2 de noviembre de 2012

SOBRE "LE PETIT PRINCE"

     Le he dado muchas vueltas a este colofón parisino, a este final francés. Dudaba entre terminar a la usanza, con versos incluidos, o ser más aleccionador y crítico. Pero al final, en el momento menos esperado, bien temprano, a bordo de un automóvil y conversando con mis tres compañeros de viaje, ha surgido la luz, y aquí se la traigo, radiante como la primavera que nos invade.
     Cuando he de hablar de un libro como este, tan leído, tan idolatrado, tan consagrado, acostumbro a pensar mis palabras, no sea que alguno sienta herido su ego lector y sufra el arrebato de retorcerme el pescuezo…
     A tenor de las lecturas escolares, decían los de esta mañana (ninguno de ellos maestro, aviso…) que los libros de ahora, unos efímeros, otros inadecuados, no son como los de antes, sempervirentes y de exquisita redondez.
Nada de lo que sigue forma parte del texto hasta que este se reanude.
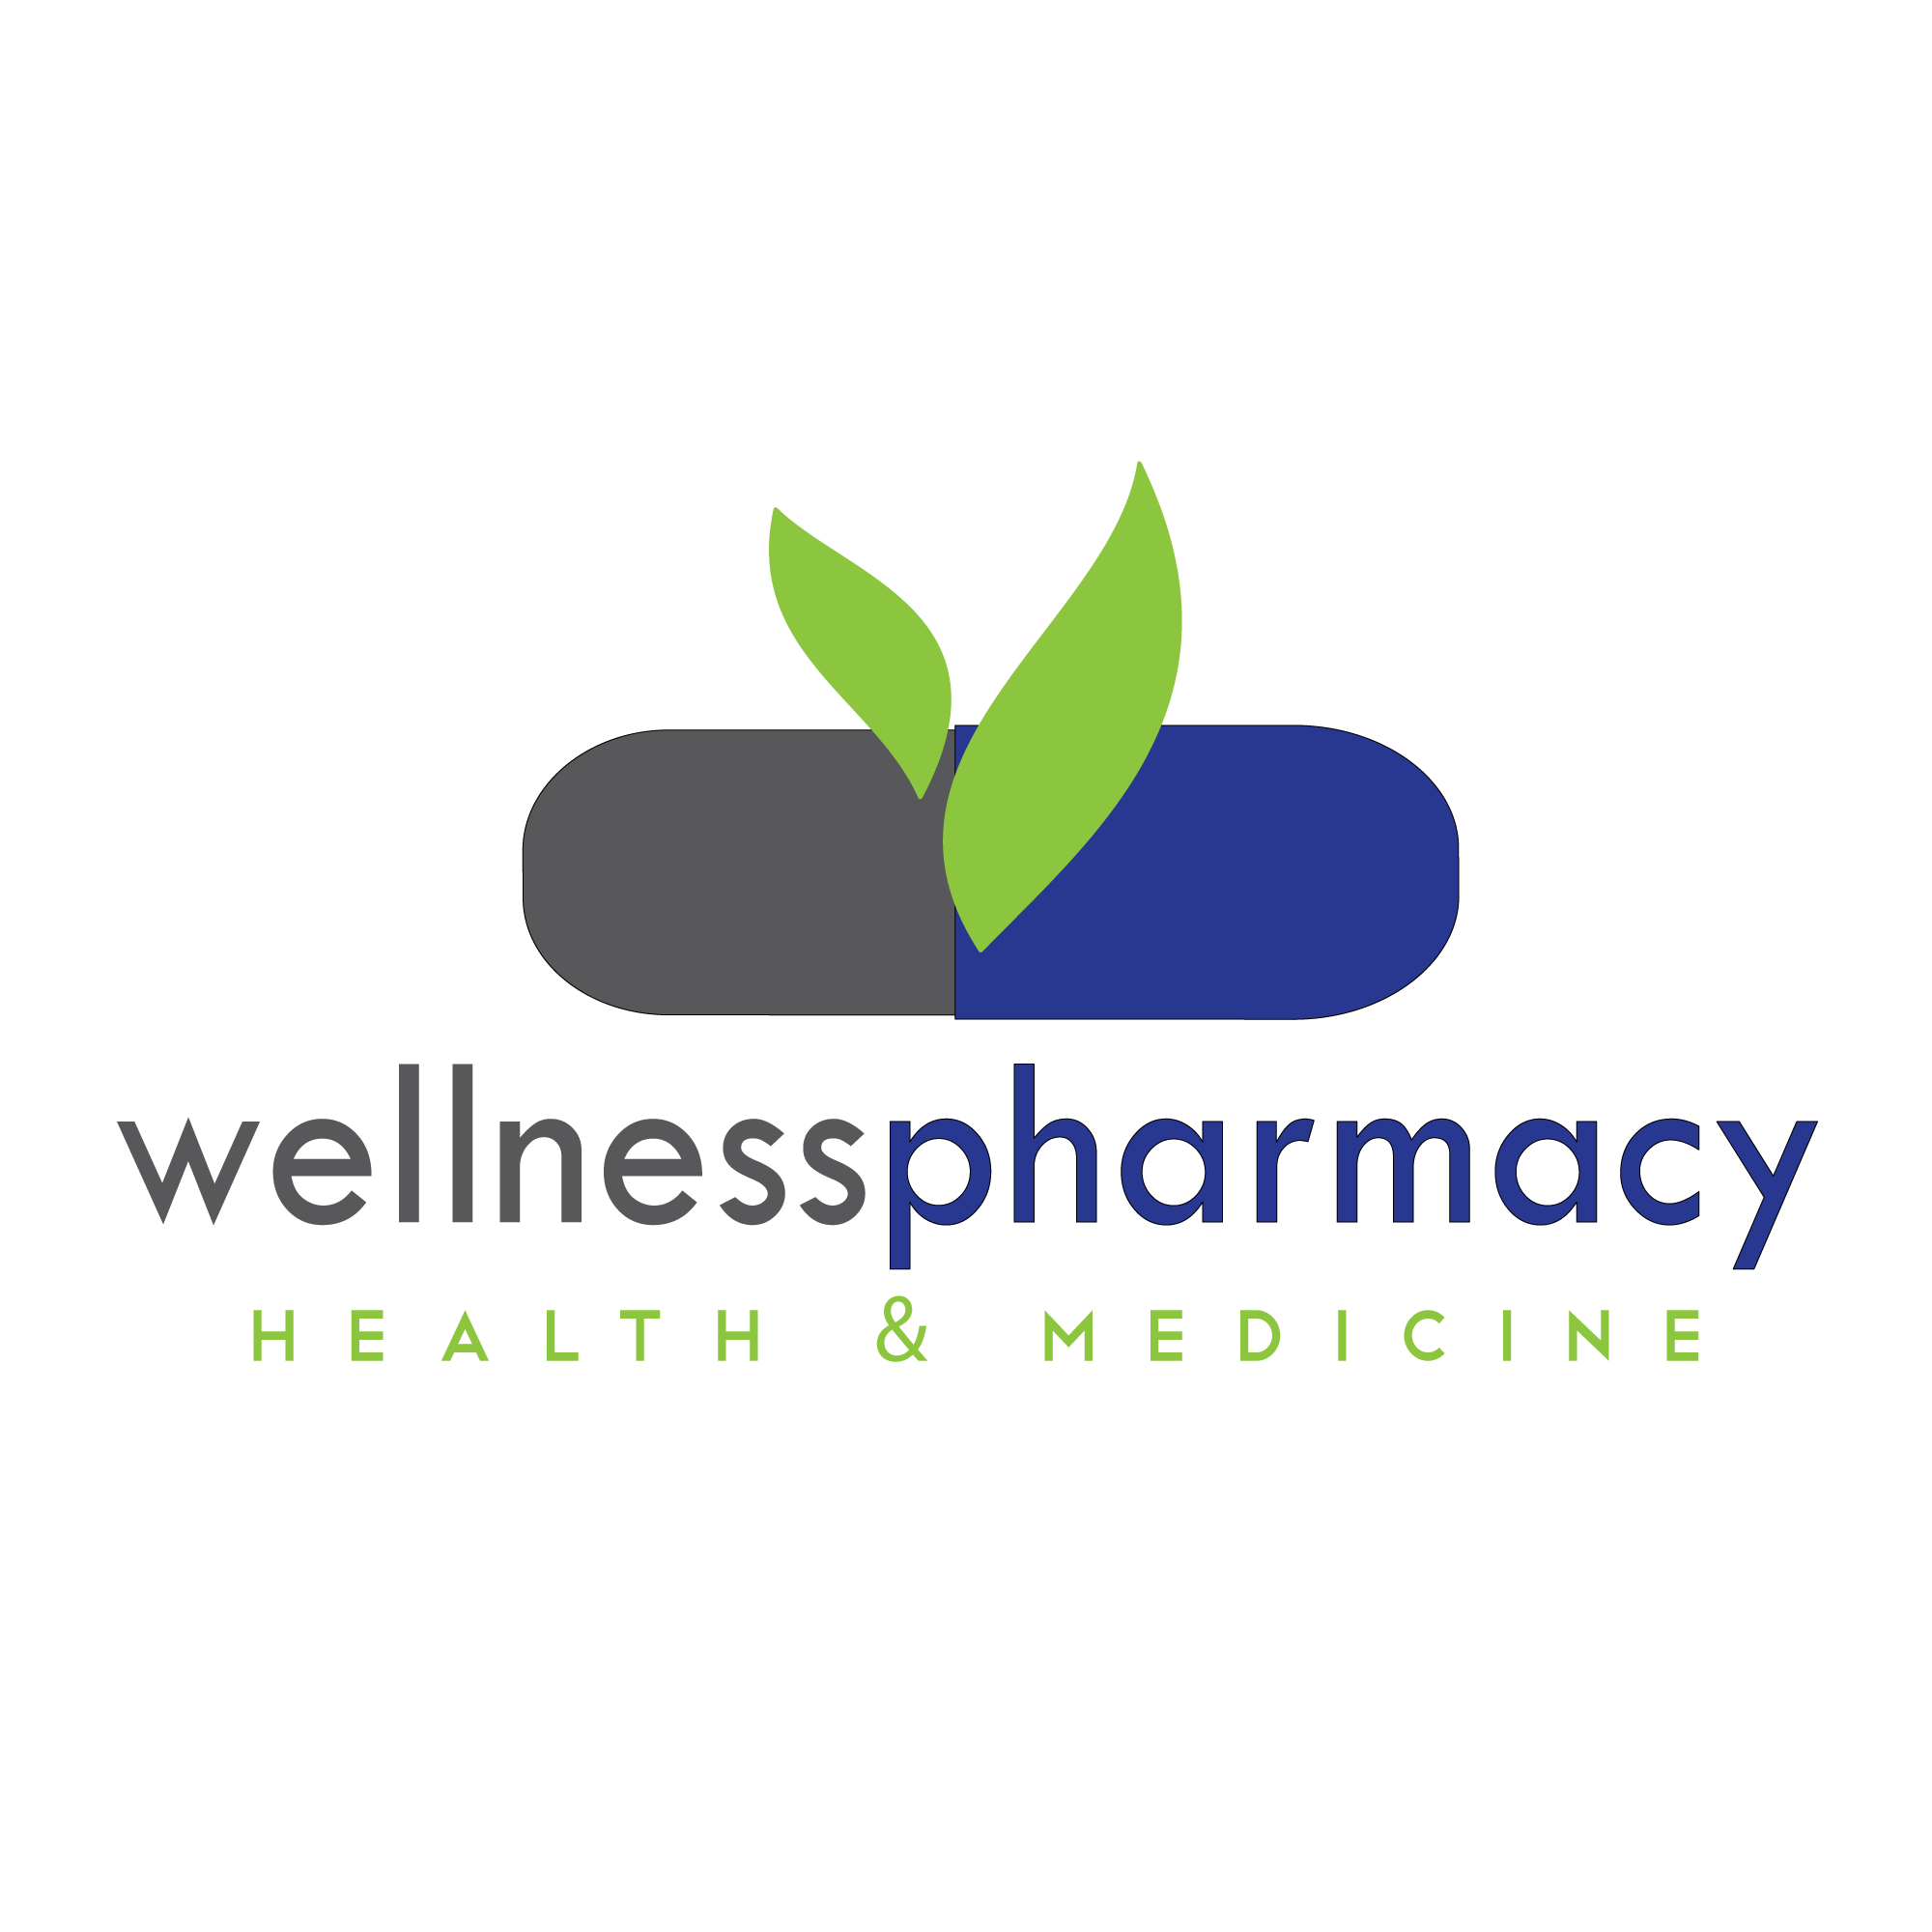 wellness pharmacy-01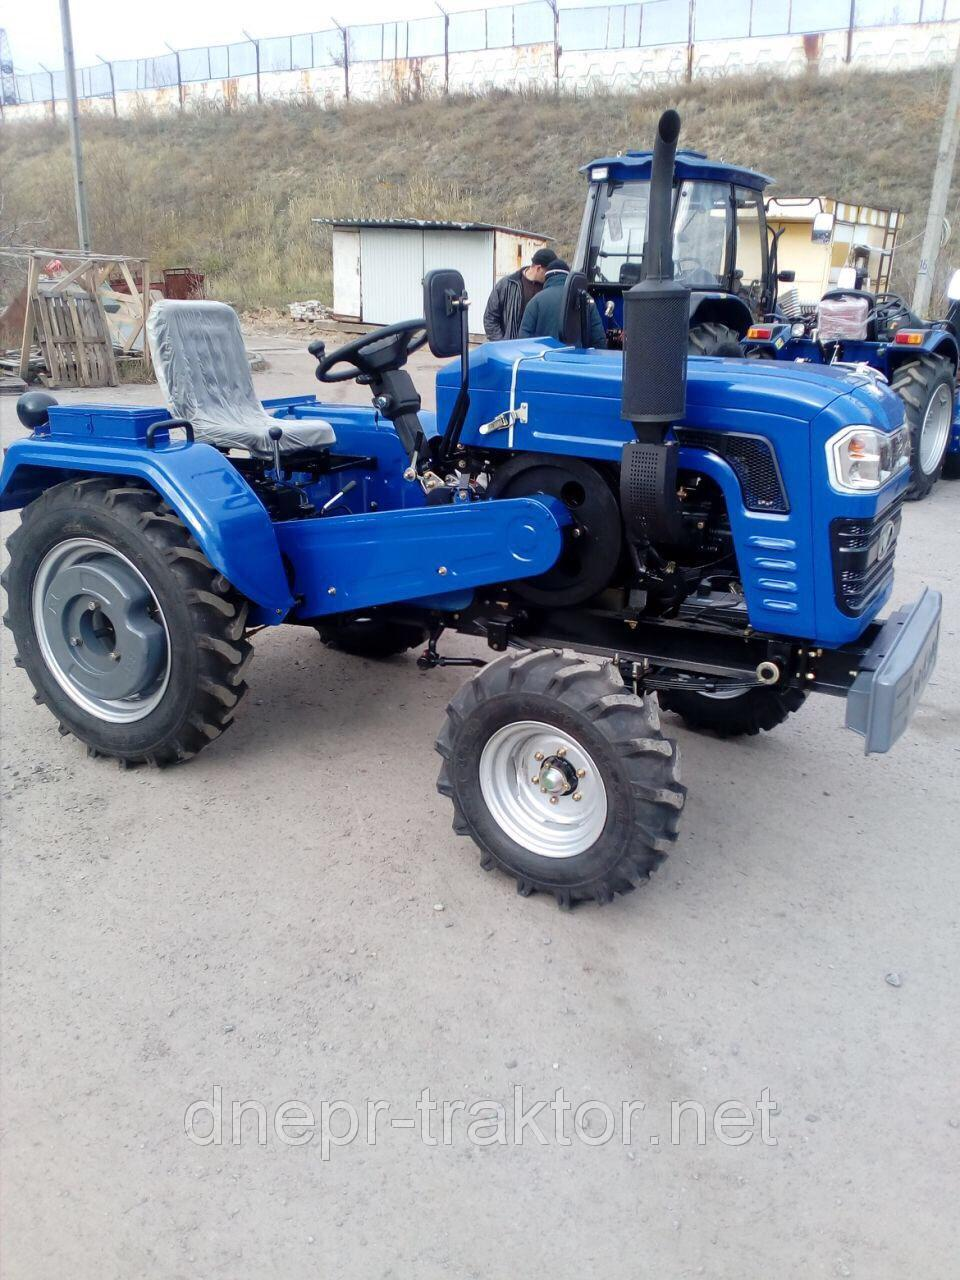 Трактор DW 244B ременной привод (24 л.с. 4х4 1 цил.)

Y ponían como ejemplo la obra que trato hoy, El principito de Antoine de Saint-Exupéry. Y hablaban de cómo su texto tenía la capacidad de adaptarse a las edades del hombre, de sus variados niveles de lectura, de cómo las acuarelas del autor seguían vivas tras tantos años…
     Les seré sincero: yo soy de esos que han leído El principito a una edad tardía. Y como cualquier hijo de vecino, he tenido mis razones para no hacerlo antes. Veamos…: en mi niñez prefería títulos con argumentos más dinámicos, con buenas dosis de aventura, o si no era así, exóticos al menos, por lo que la ñoñería y parsimonia de ese niño caído de un planeta con nombre de ecuación matemática no me sugerían ni un ápice de curiosidad, mucho menos después de intentar ver la versión cinematográfica de Stanley Donen: horrible (todavía hoy lo sigo pensando). Hasta que llegó un día, el día adecuado. Y lo leí. Y me atrapó… Como ya saben, cuando caes en las garras de un libro especial, te devora una extraña quemazón. Y te envenena.
     Conozco a mucha gente a la que no agrada este príncipe que arrancaba baobabs (costumbre que me pareció insolidaria y fea de solemnidad desde que leí que este árbol, debido a su soberbia y vanidad, fue condenado por los dioses a esconder su corazón en la tierra y mostrar eternamente sus raíces) y hablaba con zorros, pero quizá, conforme pasen los años, opten por la quietud, por la calma, y se endulcen como la fruta con libros como este, para dejar de ser viejos, para dejar de ser niños.